While I opposed the earlier language as well, the amended standard of “sincerely held principles” would greatly expand the reasons counselors could discriminate against clients. Counselors who don’t like a client’s politics could fall back on their “sincerely held” political views to refer. One can imagine many scenarios where the views of a counselor and a client conflict.
The practical implications are frightening. Minority clients in rural areas may not be able to find a compatible counselor. Clients may lose trust in the profession and decline to seek help when needed. The legislation does not provide any restrictions on when such referrals may be conducted. What if a counselor learns of a conflict after 20 sessions into counseling? According to this bill, the counselor would be able to refer the client, possibly undoing weeks of progress.

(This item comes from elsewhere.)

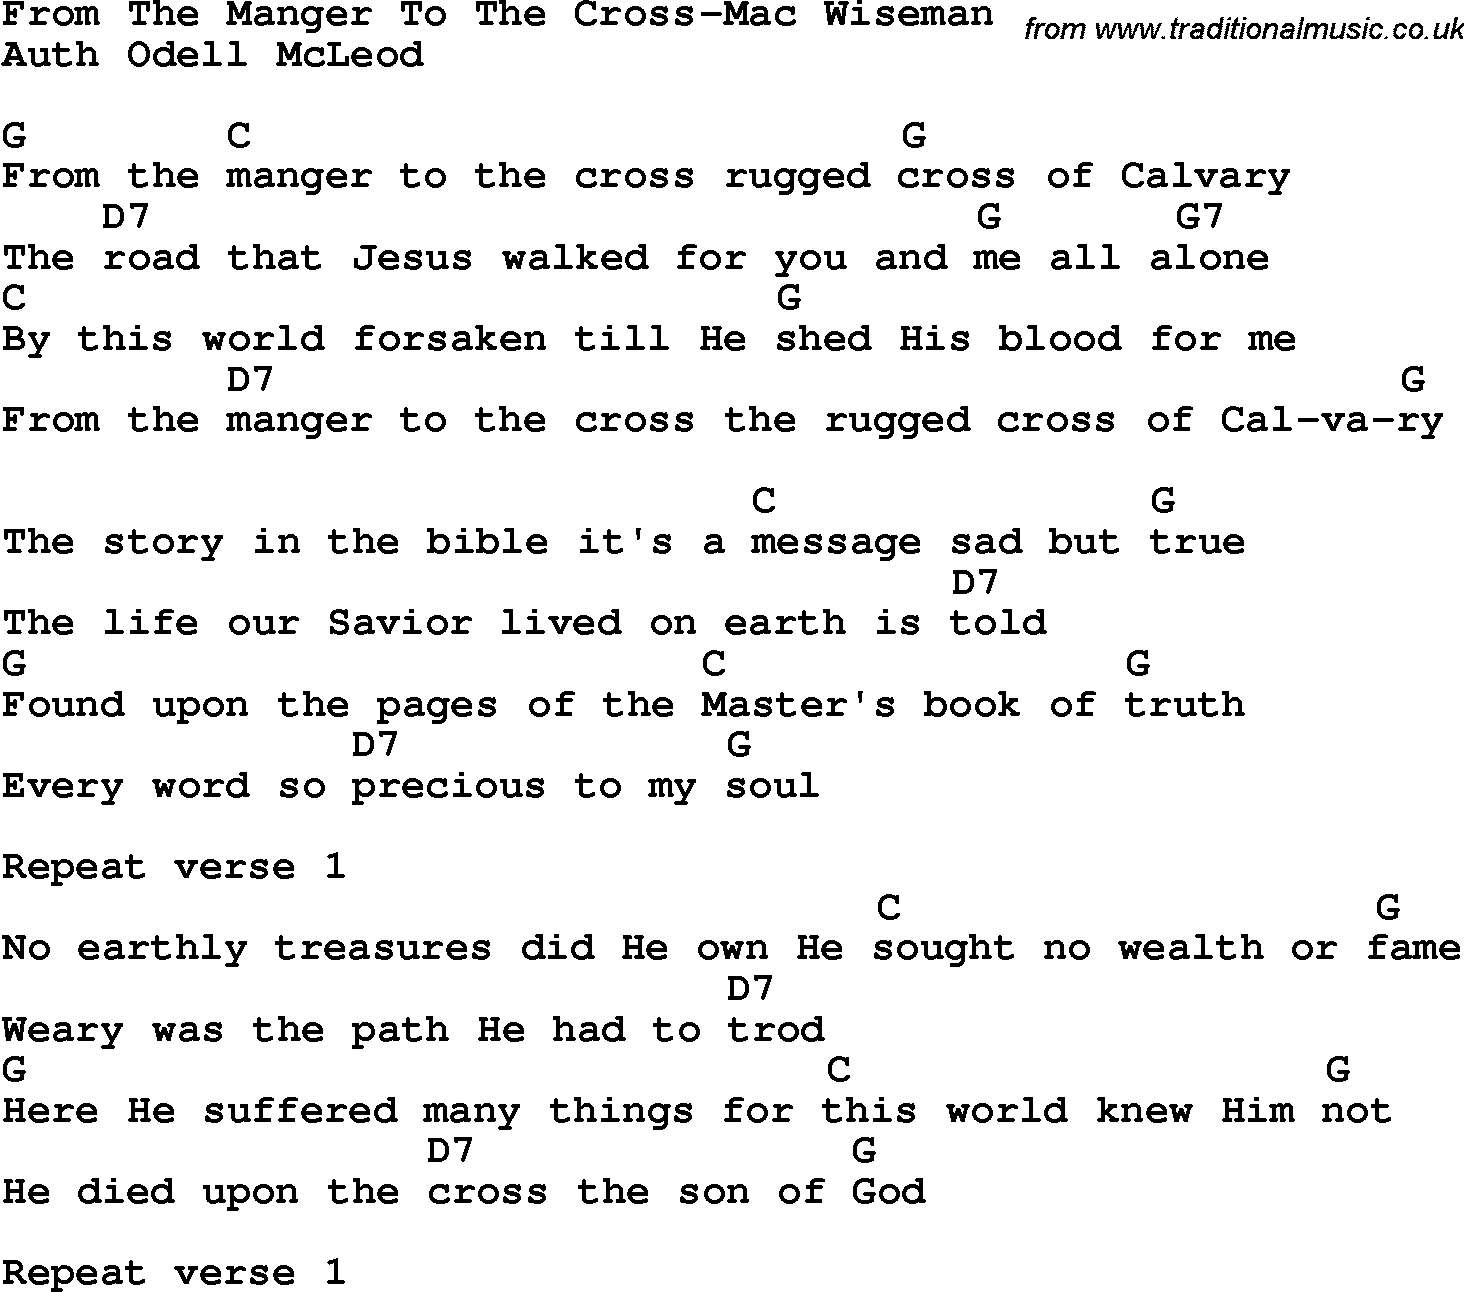 Country, Southern and Bluegrass Gospel Song From The Manger To The Cross-Mac Wiseman lyrics and chords

According to the Chattanooga Times Free-Press, this bill has a direct tie to the case of Julia Ward at Eastern Michigan University. Representative Jack Johnson told the Times Free-Press that the American Counseling Association is to blame because they changed their ethics code to forbid referrals based on religious beliefs in response to the 6th Circuit case where Ward was kicked out of Eastern Michigan because she referred a gay client and refused to comply with the educational requirements to get experience counseling gay clients.
I was the expert witness on behalf of Ward in that case and I oppose this bill. Generally, I think counselors must refer clients when they believe they might be harmful to clients, even if the harm includes the effects of counselor bias. However, the problem in such a case is with the counselor and not the client. The focus of an ethical counselor must always be the benefit of the client, not the comfort or rights of the counselor. This bill is so broad that the counselor can refer simply because of a disagreement over ideology, an unacceptable deviation from the nature of the counselor’s role. It seems unavoidable that referred clients will experience stigma and lose trust in the profession.